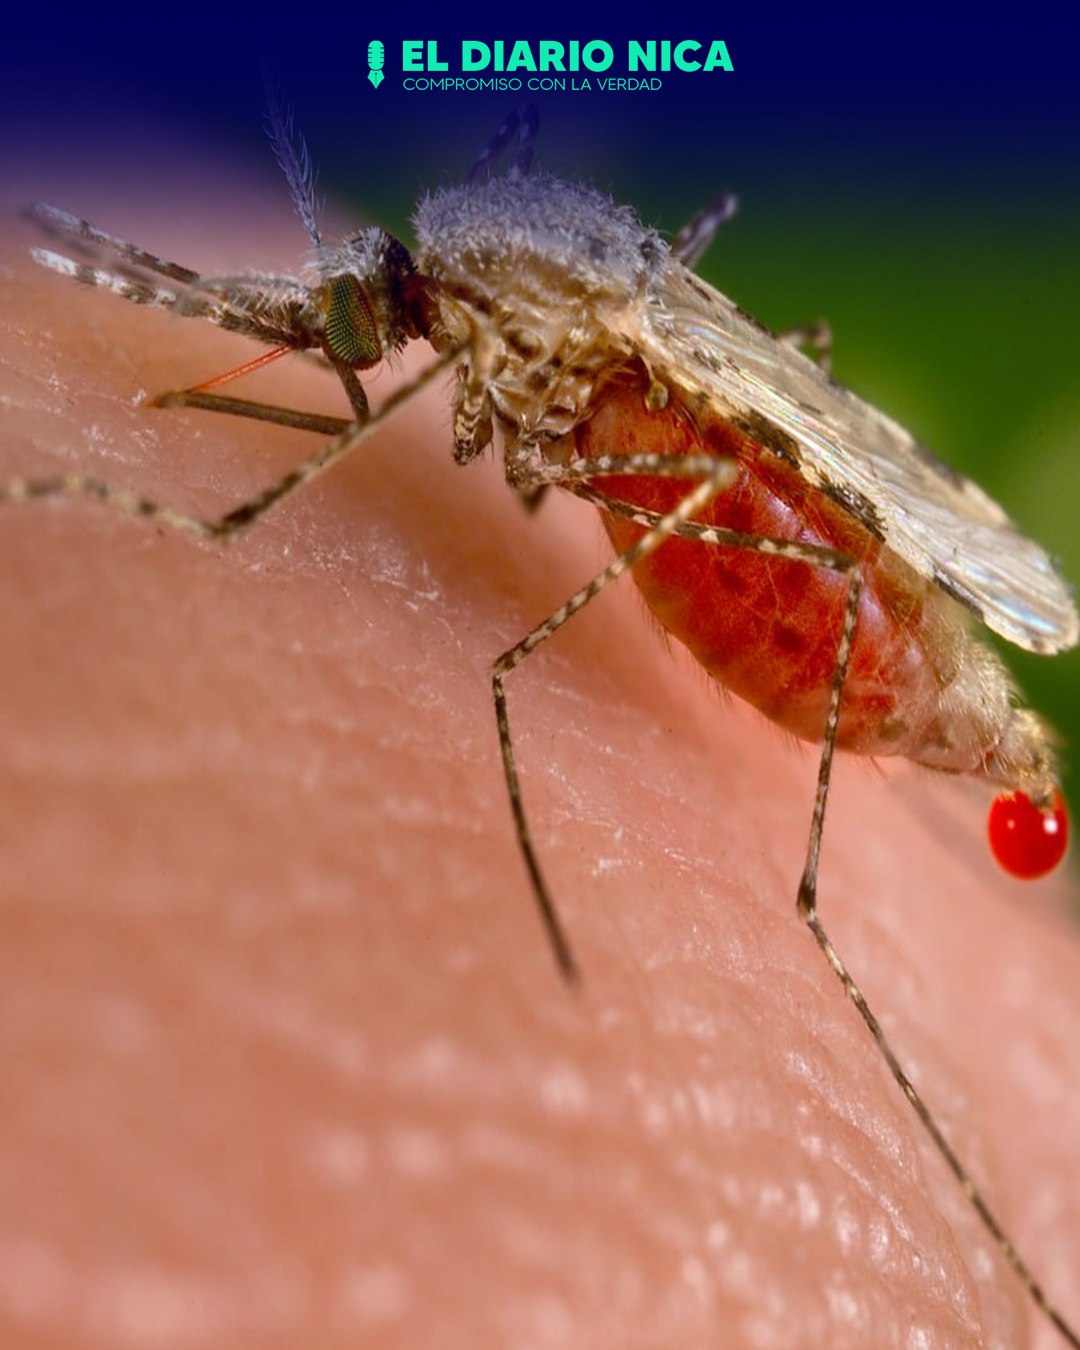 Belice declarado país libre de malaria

+===+

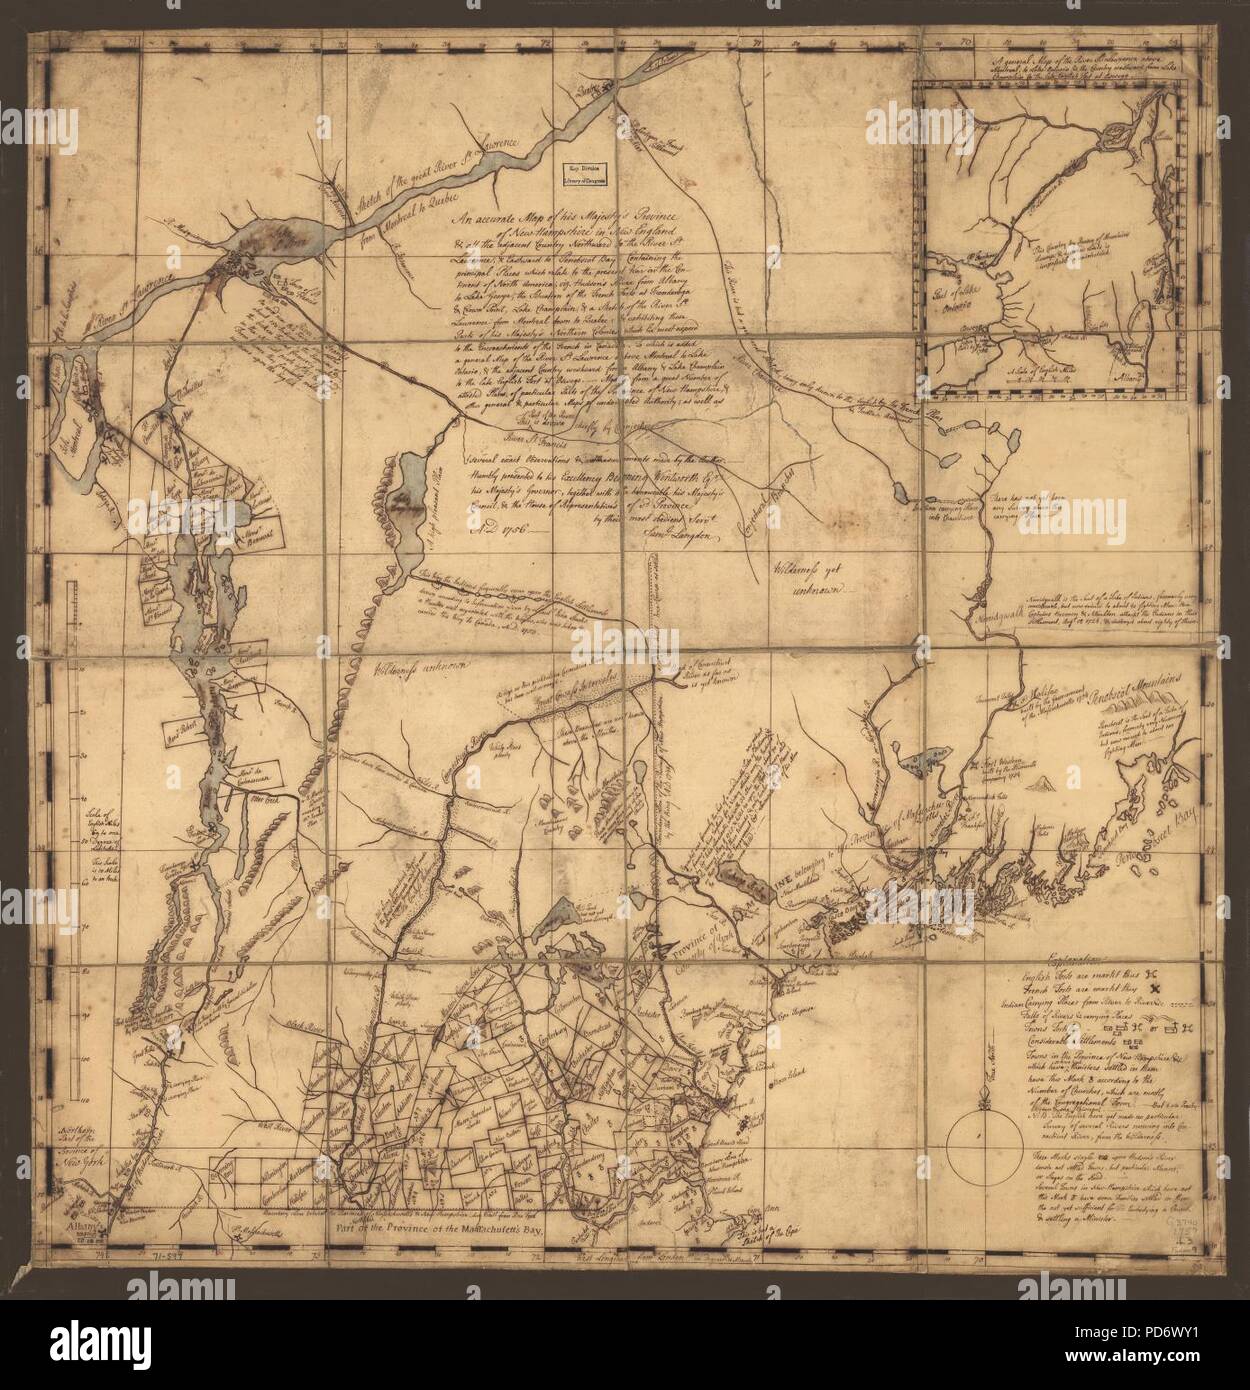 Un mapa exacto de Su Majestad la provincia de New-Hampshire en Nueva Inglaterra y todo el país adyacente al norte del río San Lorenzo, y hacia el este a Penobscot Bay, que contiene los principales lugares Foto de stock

+===+

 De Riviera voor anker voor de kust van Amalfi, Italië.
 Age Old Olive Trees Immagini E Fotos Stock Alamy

+===+

◆ EXERCISE DETAILS: Output the lines above between the one holding "De Riviera voor" and the one holding "Age Old Olive", inclusive, with nothing before or after them.

◆ SOLUTION TO THIS TASK:
 De Riviera voor anker voor de kust van Amalfi, Italië.
 Age Old Olive Trees Immagini E Fotos Stock Alamy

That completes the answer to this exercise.